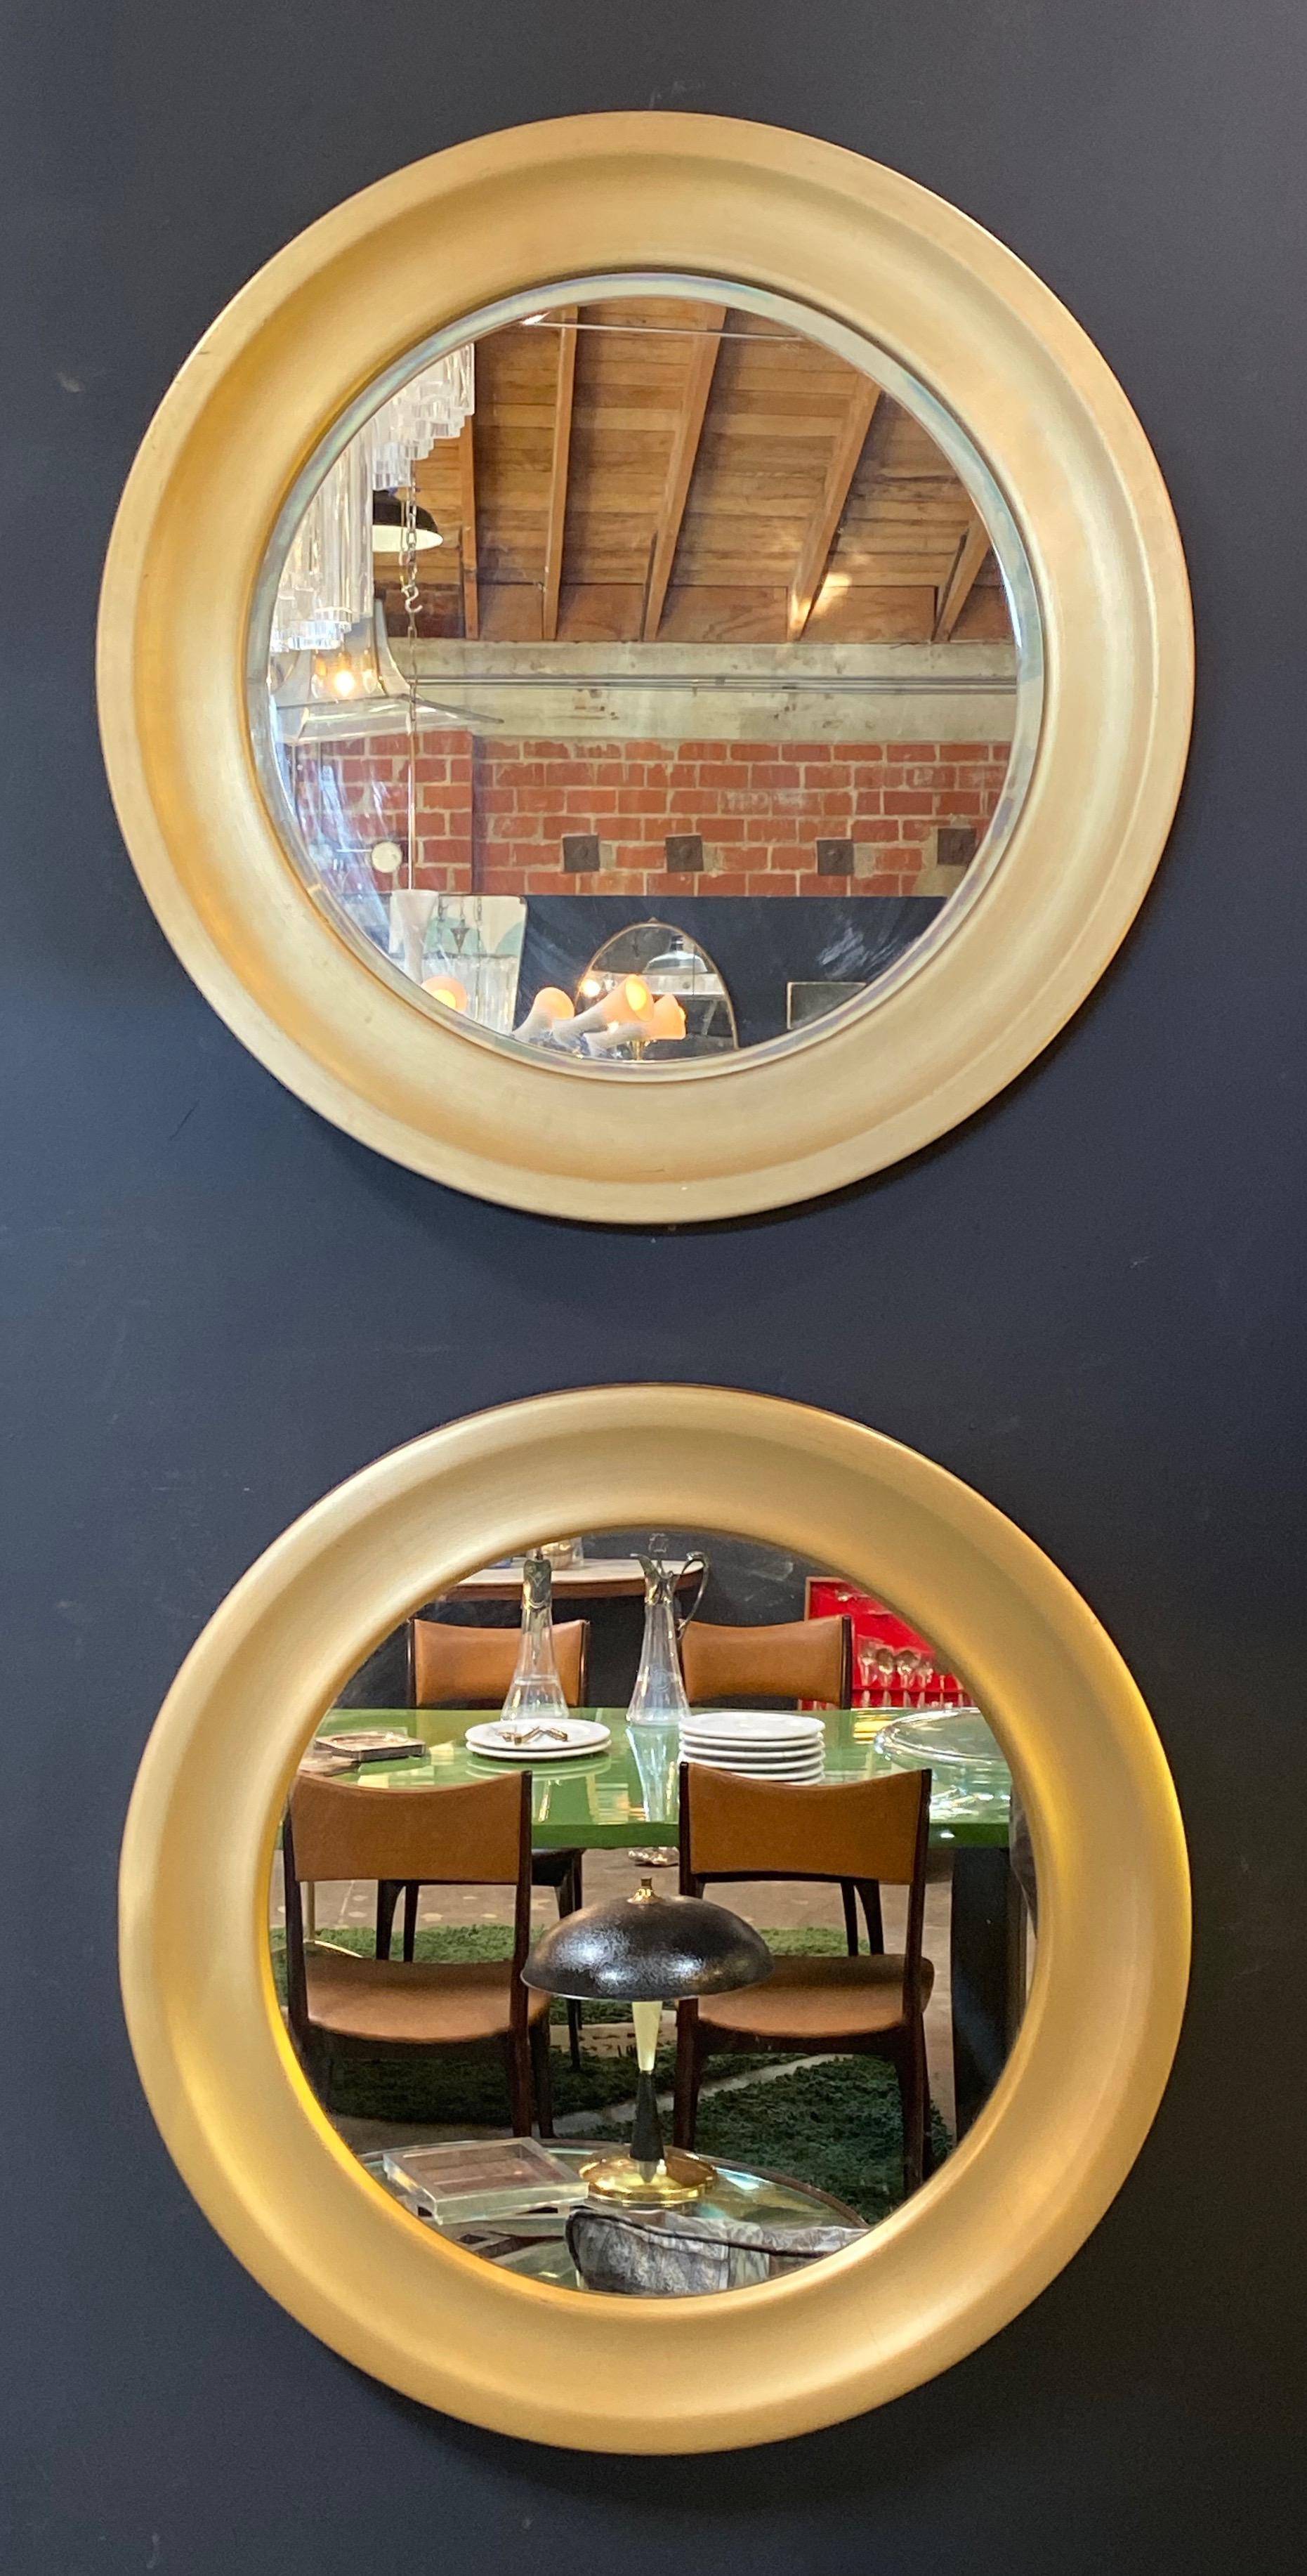 Sergio Mazza round mirrors Golden aluminum Italian design 1960s satin.
Also sold separately.
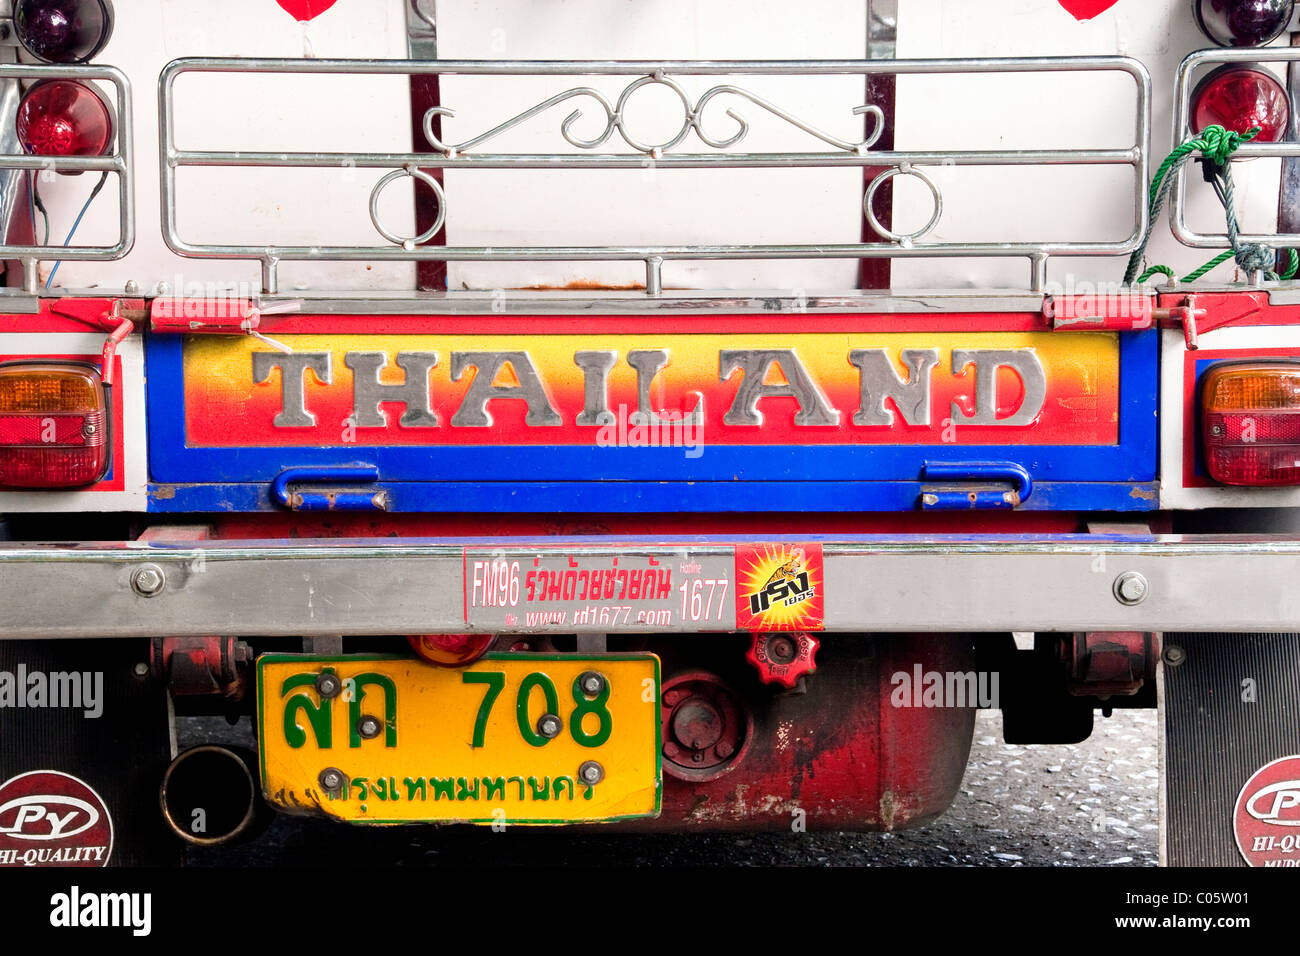 Tuk Tuk (traditional taxi) back panel with traditional 'Thailand' logo, Bangkok, Thailand Stock Photo
::::
**Exercise brief:**
Each line above should be returned exactly as written, apart from any pictures.

**Exercise response:**
 Sergio Mazza round mirrors Golden aluminum Italian design 1960s satin.
Also sold separately.
 Tuk Tuk (traditional taxi) back panel with traditional 'Thailand' logo, Bangkok, Thailand Stock Photo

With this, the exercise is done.